INCOGNITO: BAD INFLUENCES #2—Another treasure. The comic books these guys make should be minted. Almost a platonic form of the medium, you can’t add or subtract a line of dialogue or art without reducing the perfection before you. And then Nevins drops in again and blows everyone away with the pulp essay. This is a hell of a value for your t’ree fifty, ladies and gentlemen.

NEMESIS #4—I . . . actually didn’t mind this so much? McNiven always kills it. I thought it was going to maybe end? Not very conclusive as a standalone, but hey, True Top Gun Romance is making a movie out of it, so I guess Millar can chalk this one up as another win. The script vs. art pages are hilarious. Like, maybe a joke, even, I wouldn’t put it past that Scottish imp. If not, I hope old McNiven is pulling at least 60%.

GREEN LANTERN #61—Mm, I don’t really care about Atroticus and dug this about as much as I could for an issue starring him. It kind of seems like Johns enjoys writing stand-alone issues for villains.

FLASH #8—Yah, it really really does. This is a pretty solid Rebirth done-in-one for Professor Zoom. Had a cool Twilight Zone/Outer Limits anthology show feel to it. If one of those things blew up into a monster Big Event, of course. This Flashpoint is probably going to be pretty solid, I’m thinking.

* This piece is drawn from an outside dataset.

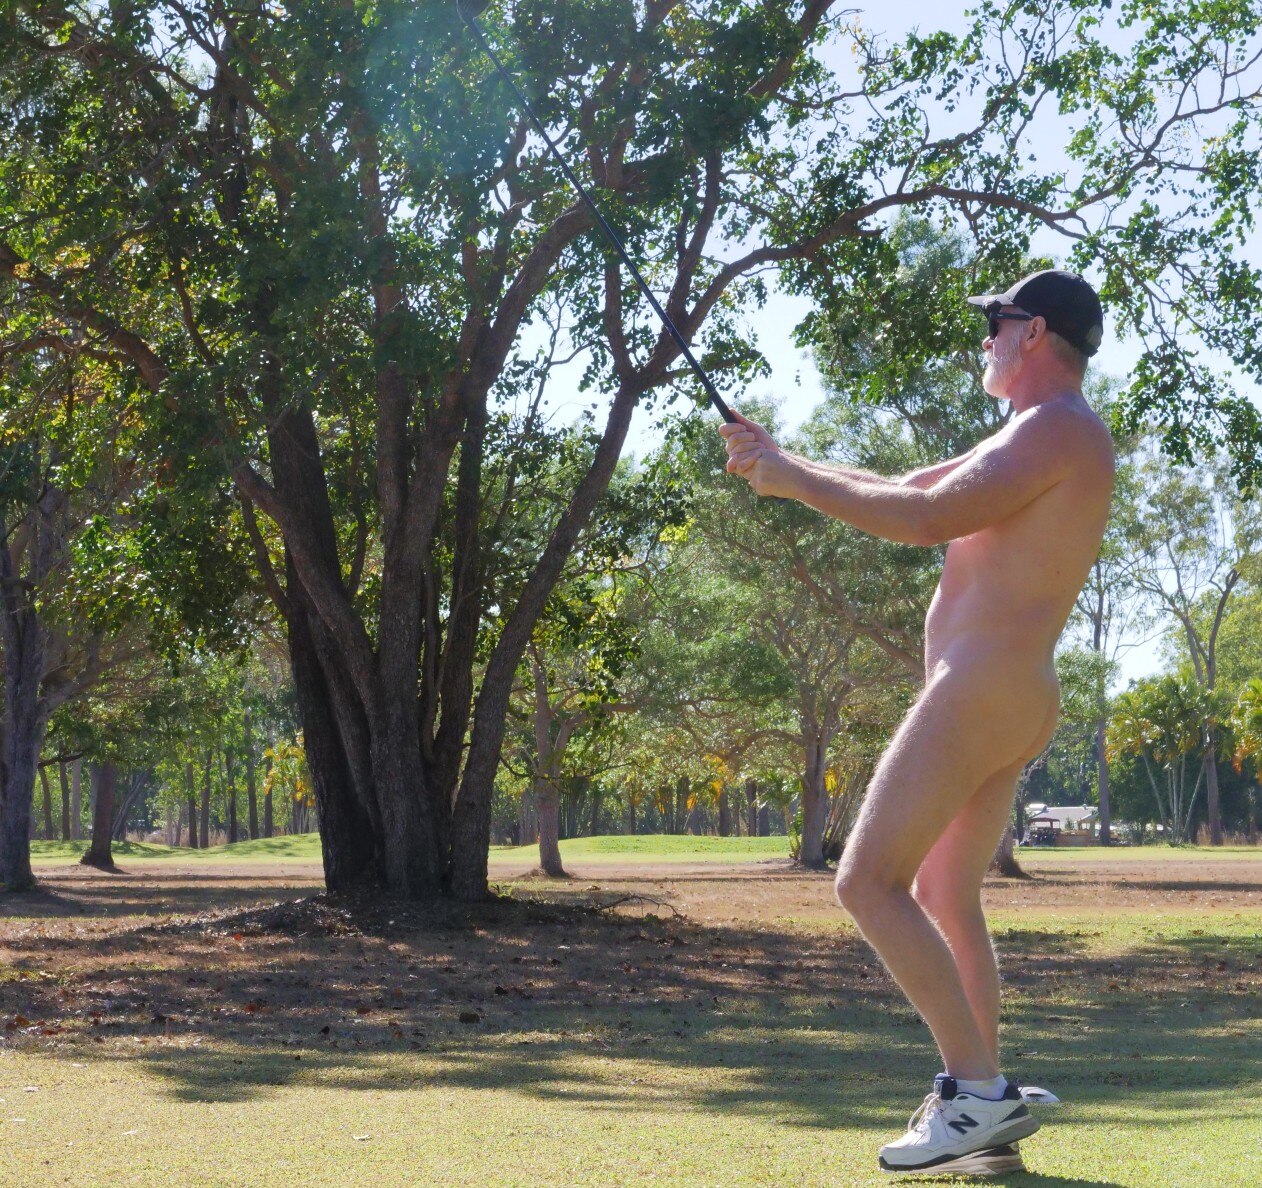 Naturists celebrate body positivity with nude golf, despite record low Darwin temperatures picture

ACTION COMICS #896—Lex trying to talk his way out of it was a deft piece of writing. Running out of things to say about this arc. It’s really fucking good. Going to follow Spencer/Silva over to the OLSEN special, they’re doing the best work I’ve seen with that guy in years, hell, maybe in my entire natural lifetime.

DETECTIVE COMICS #872—Oh, Scott Snyder, how can you be killing it so hard out of the gate? Lining up this creative team was a masterstroke, everybody is at the top of their game. Was that plummet off the space needle thing an homage to Dick & Damian’s jump up at the top of BATMAN & ROBIN? It takes some balls to reference Quitely, but Jock more than gets it done. It doesn’t look good for Dick, no!

THE DARK KNIGHT #1—I was impressed by this. It shouldn’t be much of a surprise, but it kind of freaked me out how much like Jim Lee this artwork looked. He found a good man in Scott Williams! I knew the pencils would be solid, but had no idea what to expect from the writing, and am pleased to see Finch come out swinging, doing a fine job with the time-honored journal narration from YEAR: ONE. Too, it was nice to have someone walk in on the last page and not have that beat already plastered all over the title pages of CBR, Bleeding Cool, etcetera. A promising beginning.